Data records:
----

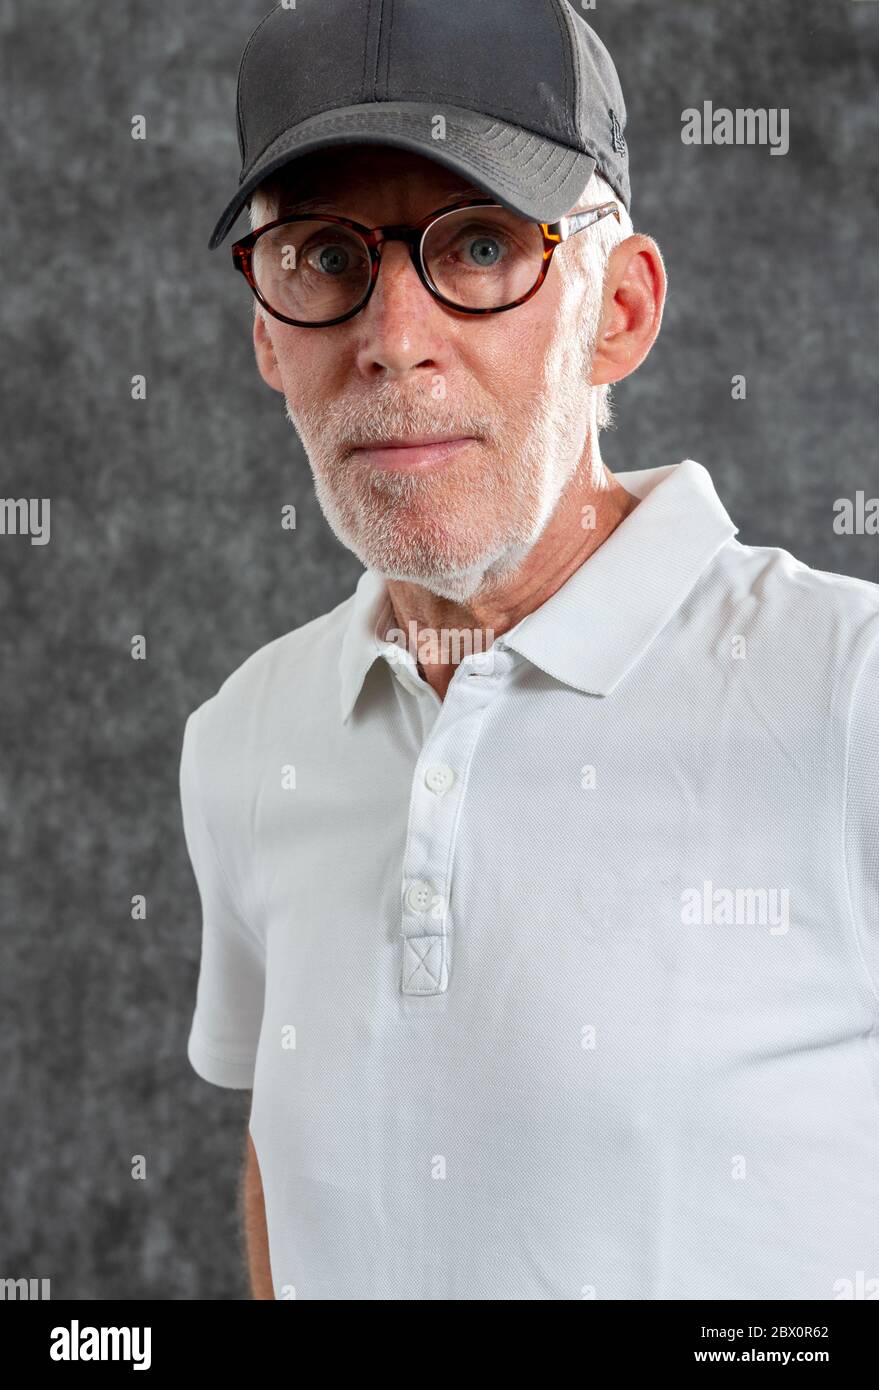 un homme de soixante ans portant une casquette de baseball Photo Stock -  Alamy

----

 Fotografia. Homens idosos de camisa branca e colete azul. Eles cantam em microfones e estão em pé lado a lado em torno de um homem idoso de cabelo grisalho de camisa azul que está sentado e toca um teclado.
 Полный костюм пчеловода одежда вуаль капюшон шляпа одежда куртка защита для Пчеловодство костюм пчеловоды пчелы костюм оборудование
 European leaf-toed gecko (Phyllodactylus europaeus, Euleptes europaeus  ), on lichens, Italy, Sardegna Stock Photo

----

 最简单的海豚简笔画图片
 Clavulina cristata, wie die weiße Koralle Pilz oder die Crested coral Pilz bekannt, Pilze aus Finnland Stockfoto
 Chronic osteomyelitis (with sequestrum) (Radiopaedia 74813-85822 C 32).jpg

----

Activity: Everything above from the line containing "Fotografia. Homens idosos" down to the line containing "Полный костюм пчеловода" should be copied exactly, both end lines included, and nothing else.

Output for this task:
 Fotografia. Homens idosos de camisa branca e colete azul. Eles cantam em microfones e estão em pé lado a lado em torno de um homem idoso de cabelo grisalho de camisa azul que está sentado e toca um teclado.
 Полный костюм пчеловода одежда вуаль капюшон шляпа одежда куртка защита для Пчеловодство костюм пчеловоды пчелы костюм оборудование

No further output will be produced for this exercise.